Fiquei também bem impressionado pela qualidade dos textos e a iniciativa de um jornal de artes semanal sob o comando do jornalista Marcelo Rezende distribuído não só no Pavilhão como em toda a cidade, nos semáforos e nos metrôs.
Por um acaso eu visitei o andar com o ilustrador Fábio Gurjão que ao ver aquela amplidão logo falou: “Vou fazer meu desfile de camisetas aqui assim eu estreio na Bienal e no SPFW ao mesmo tempo e só faço coleção de 2 em 2 anos”.

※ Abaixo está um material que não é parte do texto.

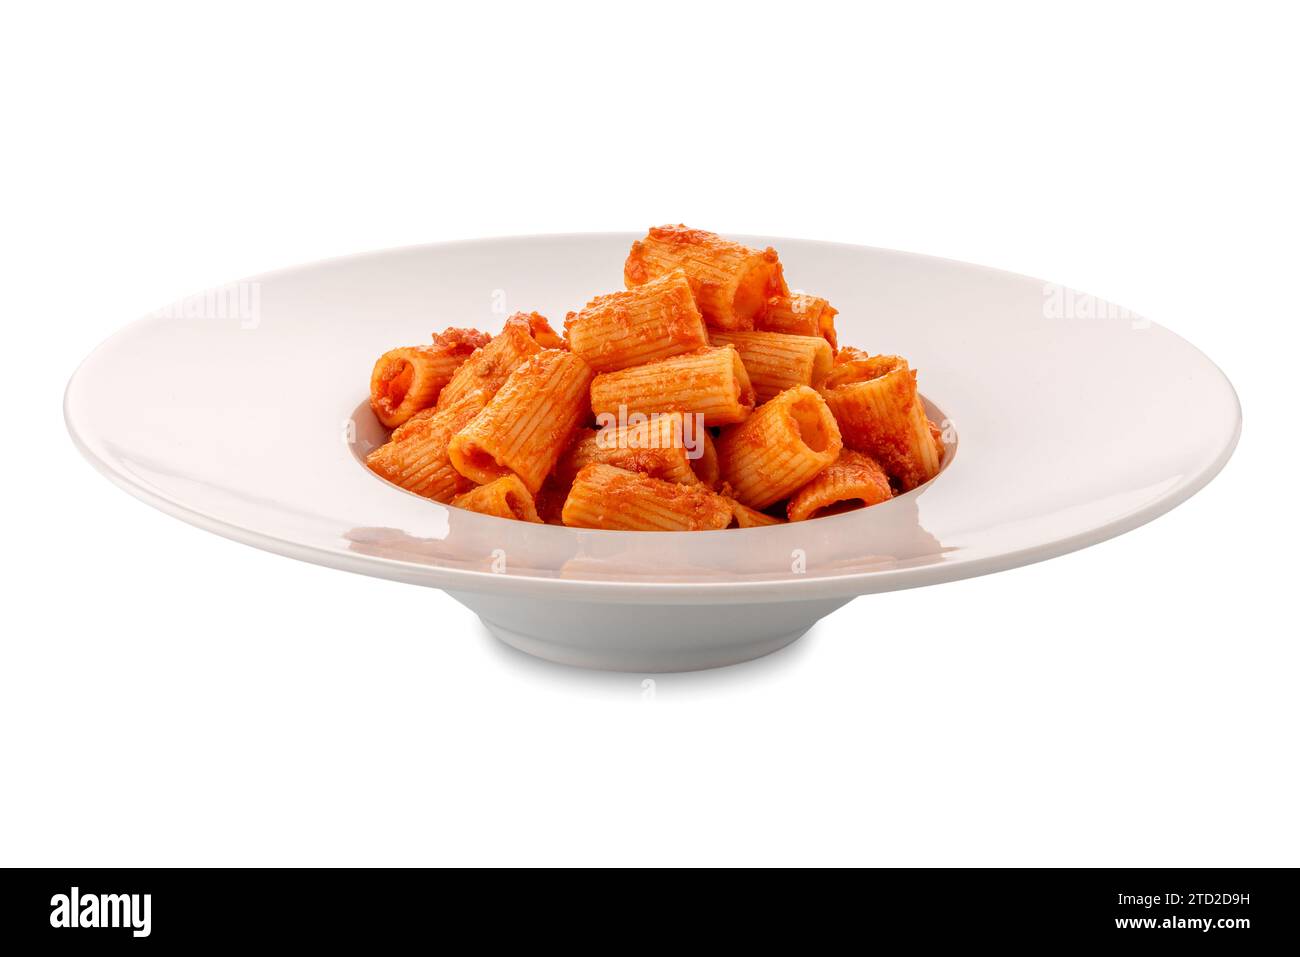 Macaroni mezze maniche pasta topped with tomato sauce ragout in white plate isolated on white with clipping path included Stock Photo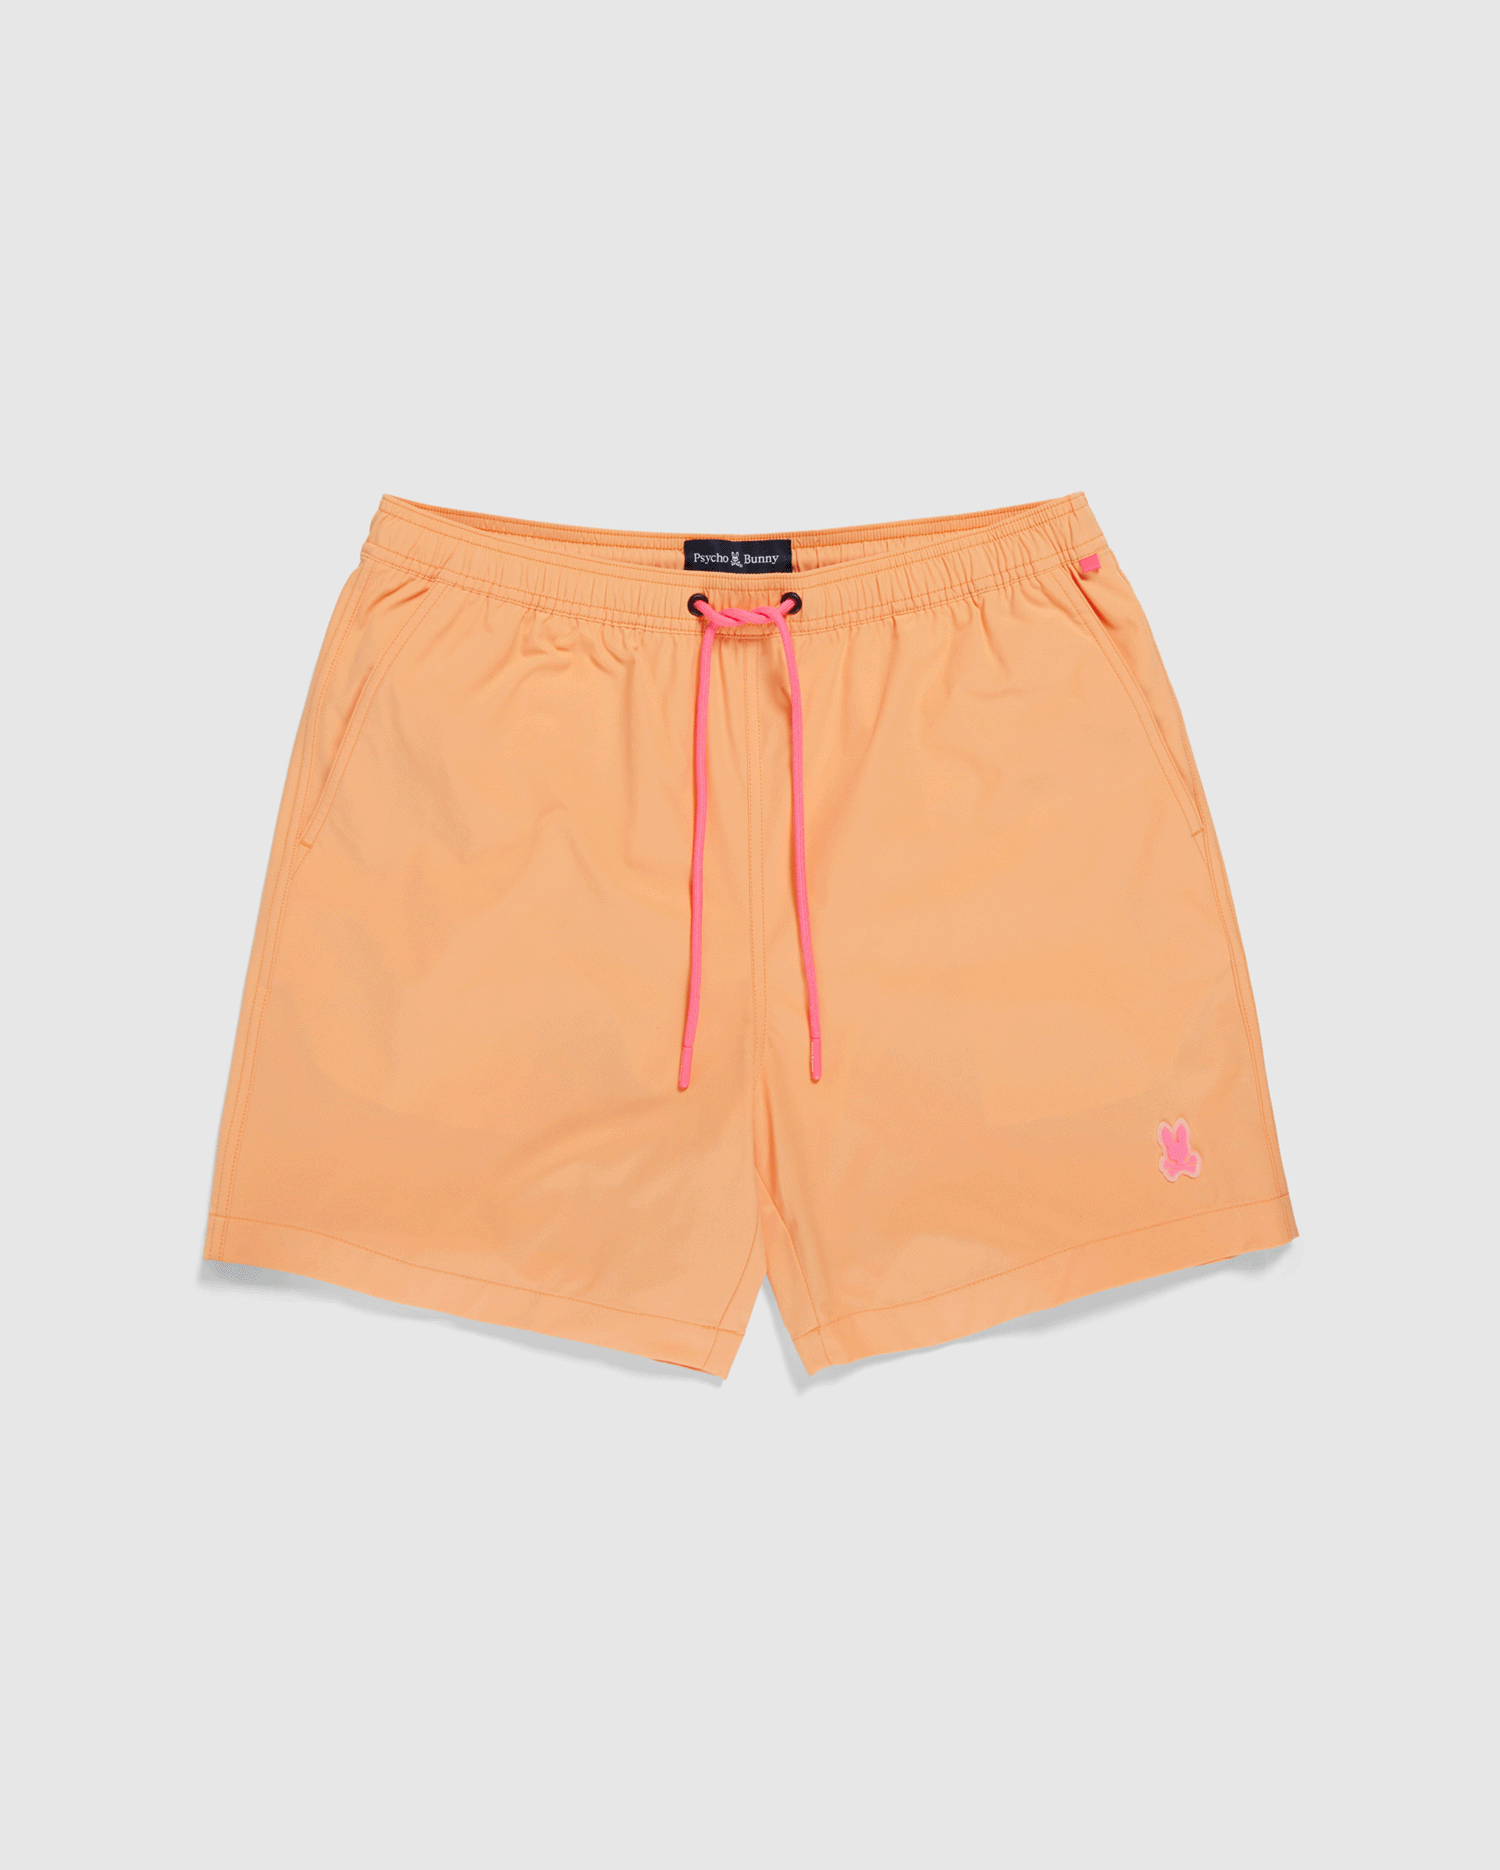 Bright orange Psycho Bunny swim trunks with a pink drawstring and a small pink logo on the lower left leg, displayed against a plain white background.

O espaço convida pra “invasão”, pra algum a forma de ocupação, pois tem um projeto que pede para que ele seja preenchido, aliás essa é a beleza daquele andar vazio, a esperança que algo esta porvir. Todo o blábláblá de Oscar Niemeyer que Ivo Mesquita disse querer ressaltar é mitificação de curadoria, terreno de muitos pajés-pajem do tranca-arte.
No dia seguinte, o inevitável: Pixadores entram pela porta da frente em pequenos grupos, se organizam e pixam o vazio de uma forma bela, cheia de atitude e violência. Eu que estava vendo um vídeo de Marina Abramovic, aquela da performance, se penteando e gritando “art is beautiful”, me deparo com a curadora-adjunta Ana Cohen descabelada, chamando-gritando pelos seguranças, polícia.
Vejo uma manada de jovens em uma coreografia que lembrava os animais livres da savana correndo e gritando por liberdade de expressão. Não resisti, aplaudi forte como muitas outras pessoas. Em alguns minutos depois, todos os visitantes estavam presos-enjaulados na Bienal sem poder sair por uns 15 minutos, afinal aquele vazio tem dono e cercas.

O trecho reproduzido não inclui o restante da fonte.